Aim of the task: Gather all lines in the records below that include the word "Kingdom".

***** Extracted information *****

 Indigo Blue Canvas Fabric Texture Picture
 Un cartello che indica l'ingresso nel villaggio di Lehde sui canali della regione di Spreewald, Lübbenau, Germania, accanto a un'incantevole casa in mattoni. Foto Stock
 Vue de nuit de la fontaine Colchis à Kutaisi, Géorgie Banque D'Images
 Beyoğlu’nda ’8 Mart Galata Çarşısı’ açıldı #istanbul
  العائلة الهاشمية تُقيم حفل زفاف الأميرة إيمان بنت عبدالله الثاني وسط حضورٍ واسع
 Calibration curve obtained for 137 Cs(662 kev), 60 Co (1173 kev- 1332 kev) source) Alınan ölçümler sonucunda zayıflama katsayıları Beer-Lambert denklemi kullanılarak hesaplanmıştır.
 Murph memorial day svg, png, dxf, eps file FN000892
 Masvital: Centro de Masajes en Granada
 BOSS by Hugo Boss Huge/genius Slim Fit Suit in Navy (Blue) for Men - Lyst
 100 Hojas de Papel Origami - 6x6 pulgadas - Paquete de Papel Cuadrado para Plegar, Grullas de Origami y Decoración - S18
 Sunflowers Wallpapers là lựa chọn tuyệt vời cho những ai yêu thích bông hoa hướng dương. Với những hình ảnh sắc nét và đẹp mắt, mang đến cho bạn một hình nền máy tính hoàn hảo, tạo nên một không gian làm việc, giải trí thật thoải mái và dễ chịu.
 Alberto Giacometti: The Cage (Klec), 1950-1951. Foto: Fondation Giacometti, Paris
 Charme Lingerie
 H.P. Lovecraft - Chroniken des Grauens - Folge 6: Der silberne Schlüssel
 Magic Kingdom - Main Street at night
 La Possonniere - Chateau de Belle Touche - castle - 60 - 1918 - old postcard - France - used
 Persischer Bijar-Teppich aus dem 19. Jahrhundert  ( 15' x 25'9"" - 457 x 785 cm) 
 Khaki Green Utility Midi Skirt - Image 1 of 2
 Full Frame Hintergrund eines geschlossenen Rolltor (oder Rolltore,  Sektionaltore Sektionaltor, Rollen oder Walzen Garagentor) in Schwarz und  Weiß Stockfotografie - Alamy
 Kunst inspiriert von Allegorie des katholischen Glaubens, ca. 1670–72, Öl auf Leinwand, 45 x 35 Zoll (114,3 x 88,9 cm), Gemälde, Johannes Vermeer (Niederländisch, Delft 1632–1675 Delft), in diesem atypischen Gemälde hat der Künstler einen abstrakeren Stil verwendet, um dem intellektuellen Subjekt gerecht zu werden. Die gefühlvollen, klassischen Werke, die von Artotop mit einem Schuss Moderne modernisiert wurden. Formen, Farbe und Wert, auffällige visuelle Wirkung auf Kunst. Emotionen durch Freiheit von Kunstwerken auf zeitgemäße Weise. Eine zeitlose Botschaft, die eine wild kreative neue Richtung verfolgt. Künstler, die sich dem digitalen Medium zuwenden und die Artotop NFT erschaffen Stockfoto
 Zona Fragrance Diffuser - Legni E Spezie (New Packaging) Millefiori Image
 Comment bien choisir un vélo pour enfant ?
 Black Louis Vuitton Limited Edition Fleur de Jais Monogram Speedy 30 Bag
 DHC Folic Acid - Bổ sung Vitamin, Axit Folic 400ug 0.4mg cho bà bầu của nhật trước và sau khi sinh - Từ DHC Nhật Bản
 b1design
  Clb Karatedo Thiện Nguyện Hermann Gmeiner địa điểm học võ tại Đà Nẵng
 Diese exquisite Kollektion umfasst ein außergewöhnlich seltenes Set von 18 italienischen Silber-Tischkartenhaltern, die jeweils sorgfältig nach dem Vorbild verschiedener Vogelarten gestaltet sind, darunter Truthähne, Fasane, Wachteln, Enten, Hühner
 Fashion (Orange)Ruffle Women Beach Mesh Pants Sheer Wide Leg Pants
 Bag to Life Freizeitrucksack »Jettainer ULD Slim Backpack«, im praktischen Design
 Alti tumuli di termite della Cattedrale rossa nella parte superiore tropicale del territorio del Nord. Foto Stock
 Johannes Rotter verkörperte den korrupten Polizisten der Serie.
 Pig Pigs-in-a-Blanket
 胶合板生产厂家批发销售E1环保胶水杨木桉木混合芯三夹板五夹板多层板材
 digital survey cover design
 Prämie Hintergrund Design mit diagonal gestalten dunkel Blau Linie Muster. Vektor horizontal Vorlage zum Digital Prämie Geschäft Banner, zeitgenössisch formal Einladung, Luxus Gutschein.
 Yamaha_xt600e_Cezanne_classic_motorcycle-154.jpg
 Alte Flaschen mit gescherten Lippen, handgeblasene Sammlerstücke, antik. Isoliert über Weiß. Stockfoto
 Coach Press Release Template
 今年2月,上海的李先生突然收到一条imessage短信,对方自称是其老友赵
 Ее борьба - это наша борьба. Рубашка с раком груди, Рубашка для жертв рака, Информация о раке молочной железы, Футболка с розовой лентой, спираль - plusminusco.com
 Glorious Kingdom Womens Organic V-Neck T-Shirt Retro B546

*****

Result:
 Magic Kingdom - Main Street at night
 Glorious Kingdom Womens Organic V-Neck T-Shirt Retro B546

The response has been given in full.